Task statement:
Give every line of the records exactly, please, from the first up to and including the one containing "Soporte para globos".

Exercise inputs:
==*==

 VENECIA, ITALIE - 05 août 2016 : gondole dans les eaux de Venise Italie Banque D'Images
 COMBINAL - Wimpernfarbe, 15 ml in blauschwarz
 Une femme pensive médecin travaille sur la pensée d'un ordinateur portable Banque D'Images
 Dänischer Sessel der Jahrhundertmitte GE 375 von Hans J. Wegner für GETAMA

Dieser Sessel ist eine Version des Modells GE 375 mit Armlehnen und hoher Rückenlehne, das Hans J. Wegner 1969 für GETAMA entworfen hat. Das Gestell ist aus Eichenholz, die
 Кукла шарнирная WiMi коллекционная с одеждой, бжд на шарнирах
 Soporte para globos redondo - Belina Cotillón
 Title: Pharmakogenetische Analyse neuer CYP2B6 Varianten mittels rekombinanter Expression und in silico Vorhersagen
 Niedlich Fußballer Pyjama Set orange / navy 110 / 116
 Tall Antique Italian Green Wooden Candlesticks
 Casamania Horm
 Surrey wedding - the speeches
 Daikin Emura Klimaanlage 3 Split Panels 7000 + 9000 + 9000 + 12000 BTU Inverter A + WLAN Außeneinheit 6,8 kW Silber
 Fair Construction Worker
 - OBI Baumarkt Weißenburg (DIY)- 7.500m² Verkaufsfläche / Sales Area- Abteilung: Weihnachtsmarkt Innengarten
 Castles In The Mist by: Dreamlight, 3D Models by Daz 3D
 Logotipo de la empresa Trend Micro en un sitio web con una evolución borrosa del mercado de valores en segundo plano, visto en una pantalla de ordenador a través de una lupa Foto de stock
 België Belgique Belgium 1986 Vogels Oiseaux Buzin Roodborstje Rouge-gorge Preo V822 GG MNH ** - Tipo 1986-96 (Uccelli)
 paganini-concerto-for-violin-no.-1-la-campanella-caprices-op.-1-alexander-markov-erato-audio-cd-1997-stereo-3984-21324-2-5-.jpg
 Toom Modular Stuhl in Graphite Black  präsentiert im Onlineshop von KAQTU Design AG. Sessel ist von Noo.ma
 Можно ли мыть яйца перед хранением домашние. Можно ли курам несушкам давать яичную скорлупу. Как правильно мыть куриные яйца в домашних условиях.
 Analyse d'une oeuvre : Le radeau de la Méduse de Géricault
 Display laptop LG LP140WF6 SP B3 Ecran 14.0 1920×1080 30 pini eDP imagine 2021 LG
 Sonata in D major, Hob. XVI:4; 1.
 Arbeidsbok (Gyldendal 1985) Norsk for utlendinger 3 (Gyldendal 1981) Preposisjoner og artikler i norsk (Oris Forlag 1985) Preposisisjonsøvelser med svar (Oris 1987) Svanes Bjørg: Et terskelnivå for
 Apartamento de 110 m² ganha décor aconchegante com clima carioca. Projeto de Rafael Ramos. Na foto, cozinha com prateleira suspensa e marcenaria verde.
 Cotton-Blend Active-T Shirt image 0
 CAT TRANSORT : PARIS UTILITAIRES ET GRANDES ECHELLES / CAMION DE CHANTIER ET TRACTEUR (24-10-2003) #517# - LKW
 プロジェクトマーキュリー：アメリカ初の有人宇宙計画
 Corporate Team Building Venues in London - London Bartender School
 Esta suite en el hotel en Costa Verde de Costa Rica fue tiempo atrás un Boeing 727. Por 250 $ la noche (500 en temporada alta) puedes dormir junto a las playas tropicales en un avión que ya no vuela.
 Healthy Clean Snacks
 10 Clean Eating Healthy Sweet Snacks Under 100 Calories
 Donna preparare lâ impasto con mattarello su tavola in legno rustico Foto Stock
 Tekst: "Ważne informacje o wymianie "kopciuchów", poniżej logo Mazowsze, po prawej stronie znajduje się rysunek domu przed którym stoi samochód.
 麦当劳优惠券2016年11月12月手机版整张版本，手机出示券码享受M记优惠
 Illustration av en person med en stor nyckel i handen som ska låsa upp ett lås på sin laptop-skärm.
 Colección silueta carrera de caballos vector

==*==

Solved exercise:
 VENECIA, ITALIE - 05 août 2016 : gondole dans les eaux de Venise Italie Banque D'Images
 COMBINAL - Wimpernfarbe, 15 ml in blauschwarz
 Une femme pensive médecin travaille sur la pensée d'un ordinateur portable Banque D'Images
 Dänischer Sessel der Jahrhundertmitte GE 375 von Hans J. Wegner für GETAMA

Dieser Sessel ist eine Version des Modells GE 375 mit Armlehnen und hoher Rückenlehne, das Hans J. Wegner 1969 für GETAMA entworfen hat. Das Gestell ist aus Eichenholz, die
 Кукла шарнирная WiMi коллекционная с одеждой, бжд на шарнирах
 Soporte para globos redondo - Belina Cotillón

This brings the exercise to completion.